***** Records for this task *****

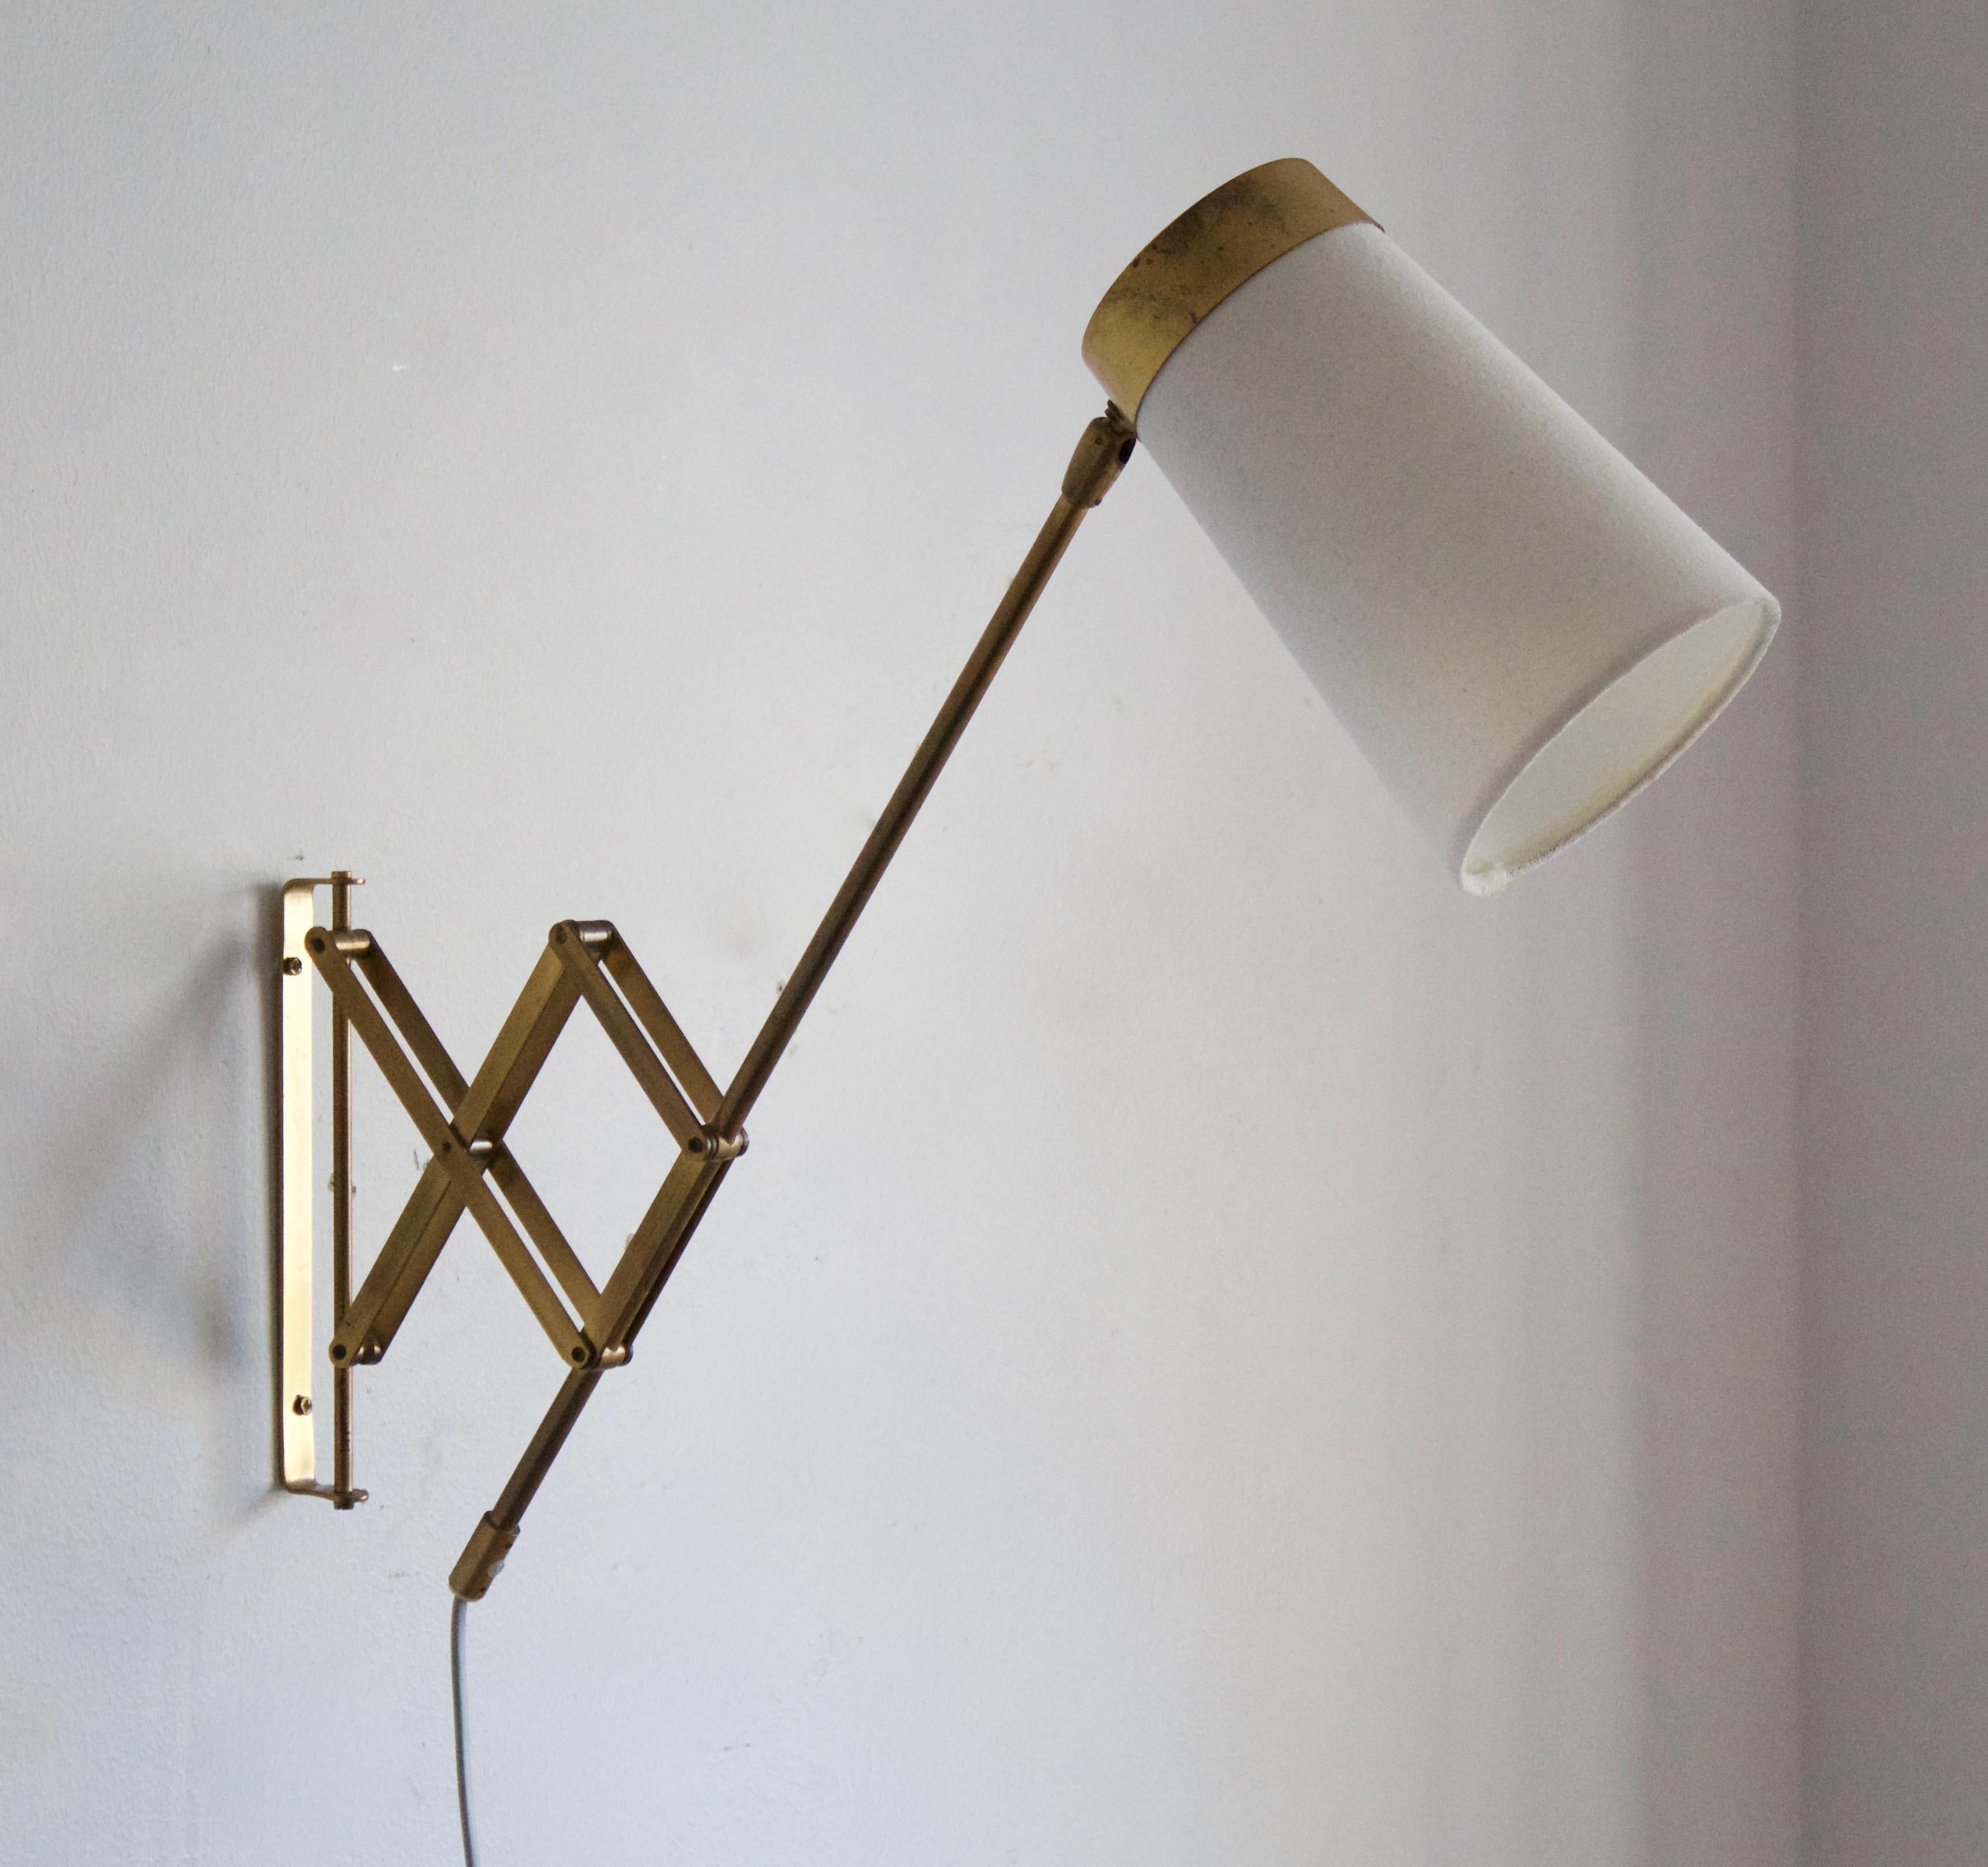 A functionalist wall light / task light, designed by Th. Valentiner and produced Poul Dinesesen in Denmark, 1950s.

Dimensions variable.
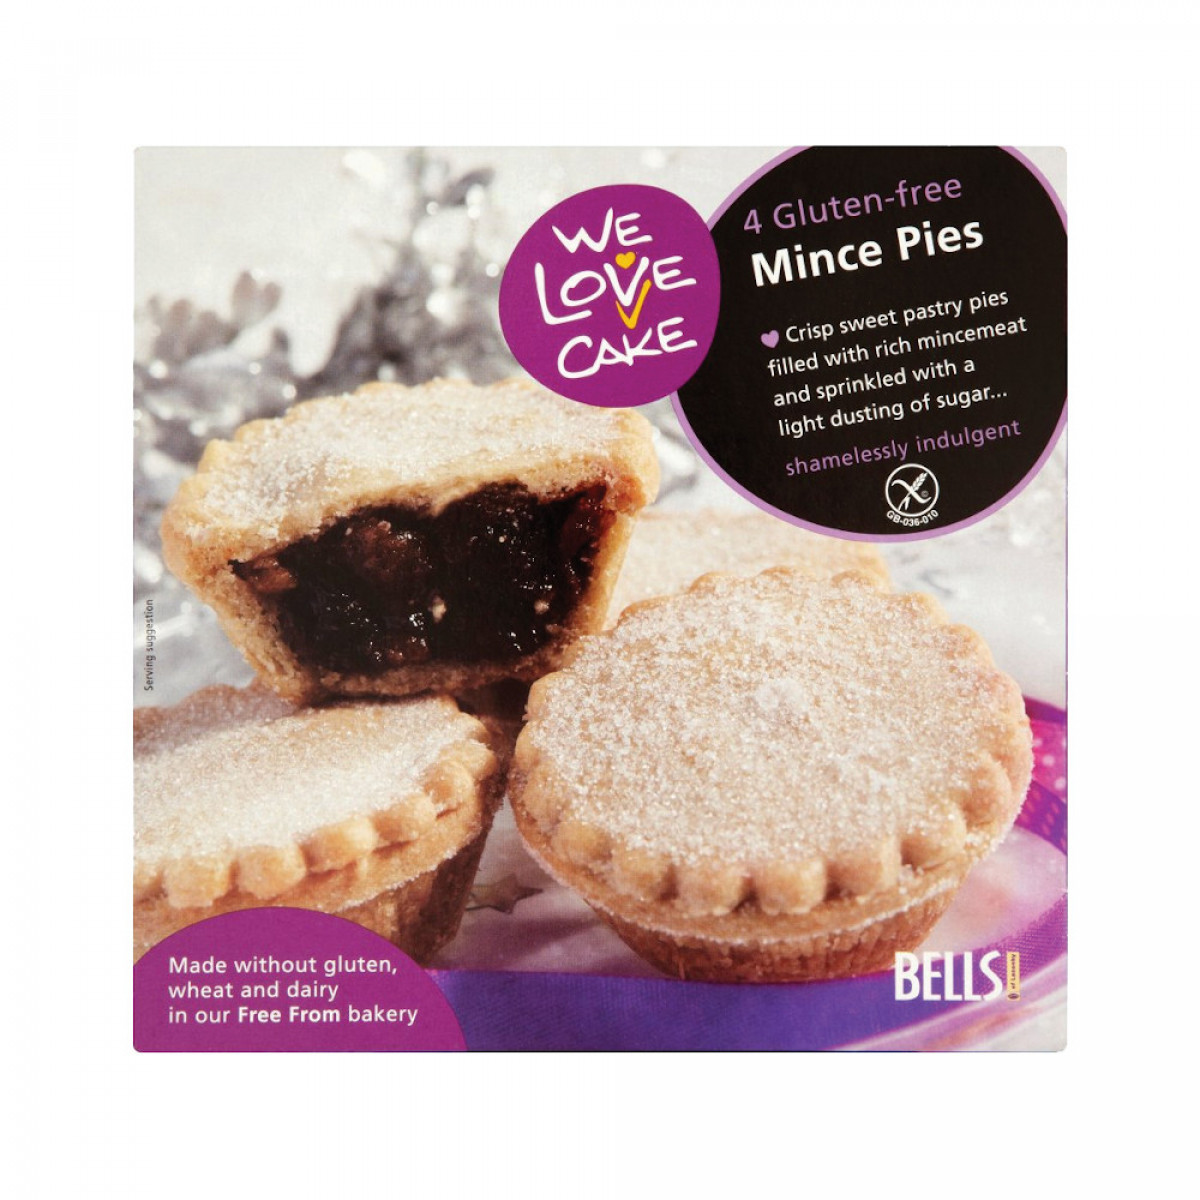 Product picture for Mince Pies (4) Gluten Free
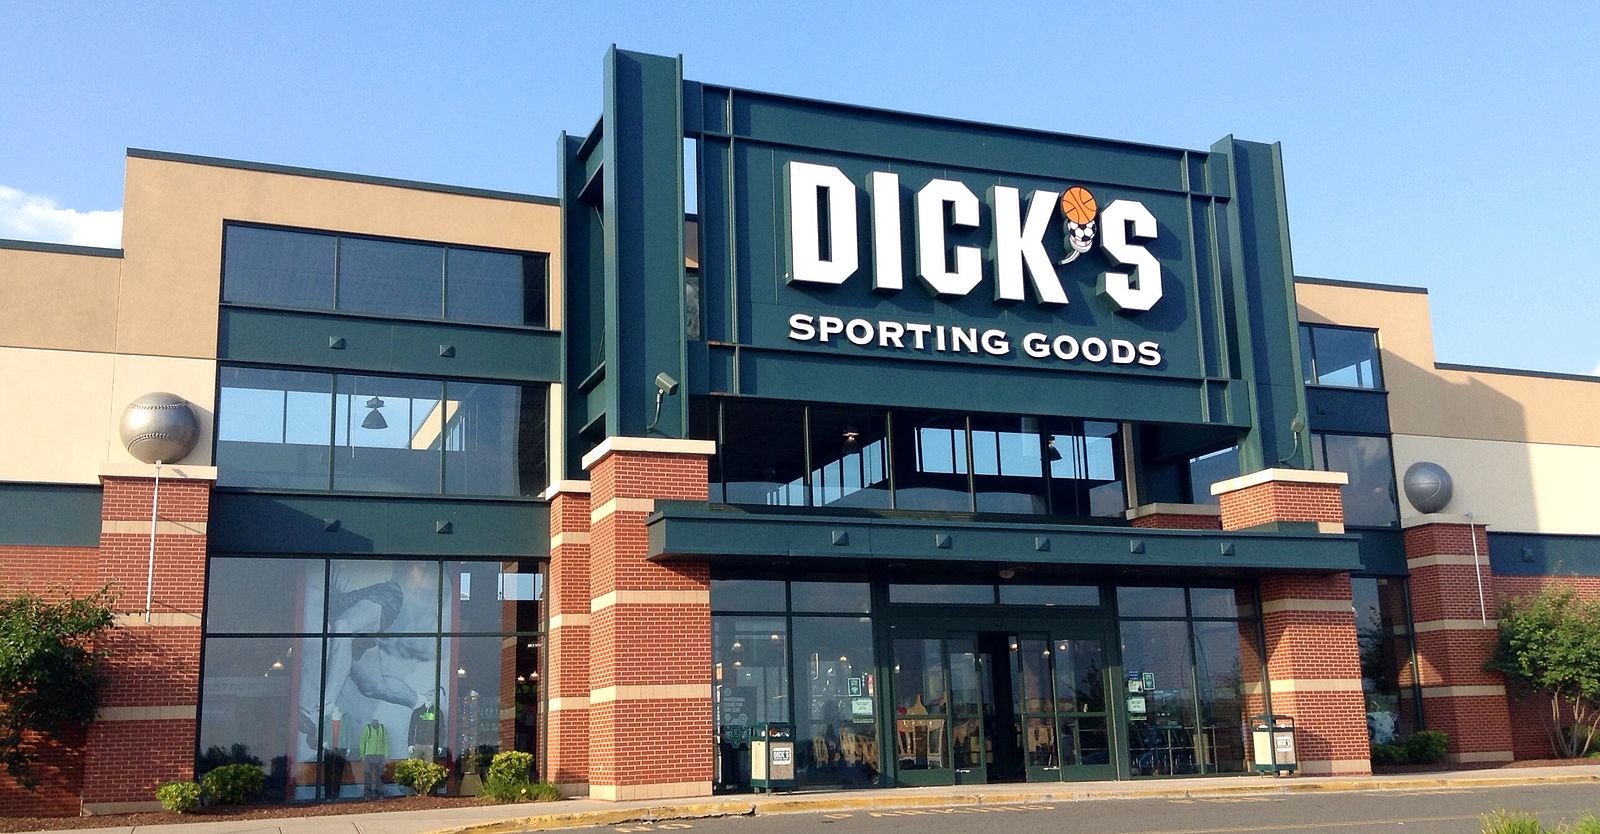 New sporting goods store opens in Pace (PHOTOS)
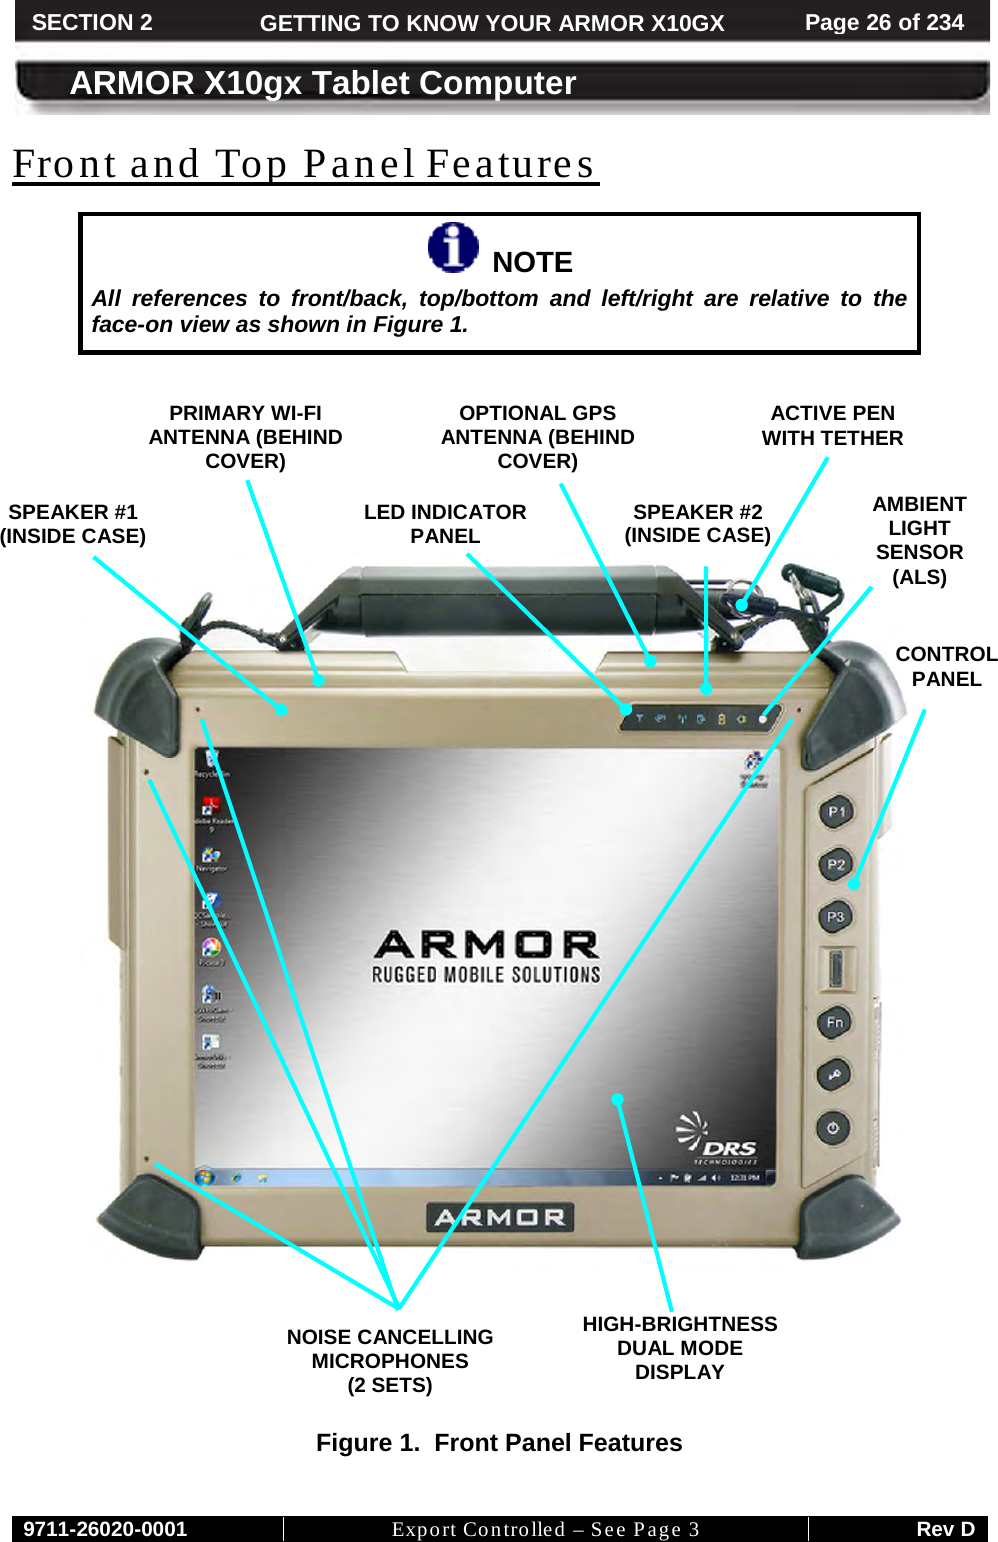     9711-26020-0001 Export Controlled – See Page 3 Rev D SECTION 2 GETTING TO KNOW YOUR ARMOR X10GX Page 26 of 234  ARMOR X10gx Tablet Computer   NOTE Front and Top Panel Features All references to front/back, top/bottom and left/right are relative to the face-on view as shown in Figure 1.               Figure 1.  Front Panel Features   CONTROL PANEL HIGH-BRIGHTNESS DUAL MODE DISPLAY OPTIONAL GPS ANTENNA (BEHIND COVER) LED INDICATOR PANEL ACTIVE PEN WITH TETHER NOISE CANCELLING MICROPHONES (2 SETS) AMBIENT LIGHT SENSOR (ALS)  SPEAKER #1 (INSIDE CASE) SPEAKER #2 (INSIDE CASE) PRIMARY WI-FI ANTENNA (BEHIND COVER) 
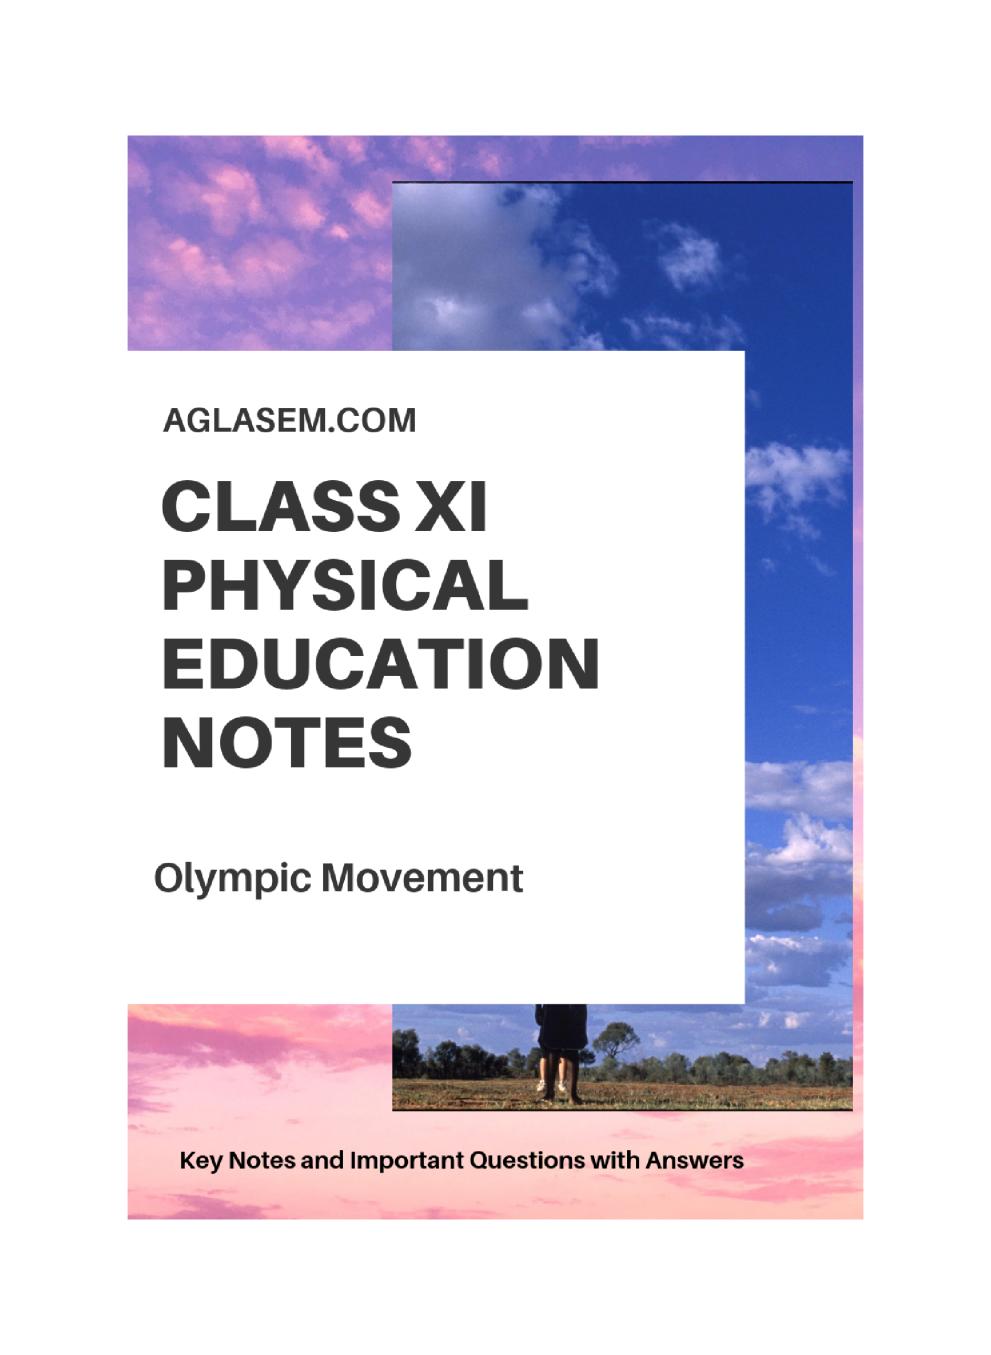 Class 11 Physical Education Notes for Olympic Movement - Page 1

*****

Would you please repeat the entries above verbatim, excluding each picture?

Exercise response →
 A functionalist wall light / task light, designed by Th. Valentiner and produced Poul Dinesesen in Denmark, 1950s.

Dimensions variable.
 Product picture for Mince Pies (4) Gluten Free
 New sporting goods store opens in Pace (PHOTOS)
     9711-26020-0001 Export Controlled – See Page 3 Rev D SECTION 2 GETTING TO KNOW YOUR ARMOR X10GX Page 26 of 234  ARMOR X10gx Tablet Computer   NOTE Front and Top Panel Features All references to front/back, top/bottom and left/right are relative to the face-on view as shown in Figure 1.               Figure 1.  Front Panel Features   CONTROL PANEL HIGH-BRIGHTNESS DUAL MODE DISPLAY OPTIONAL GPS ANTENNA (BEHIND COVER) LED INDICATOR PANEL ACTIVE PEN WITH TETHER NOISE CANCELLING MICROPHONES (2 SETS) AMBIENT LIGHT SENSOR (ALS)  SPEAKER #1 (INSIDE CASE) SPEAKER #2 (INSIDE CASE) PRIMARY WI-FI ANTENNA (BEHIND COVER) 
 Class 11 Physical Education Notes for Olympic Movement - Page 1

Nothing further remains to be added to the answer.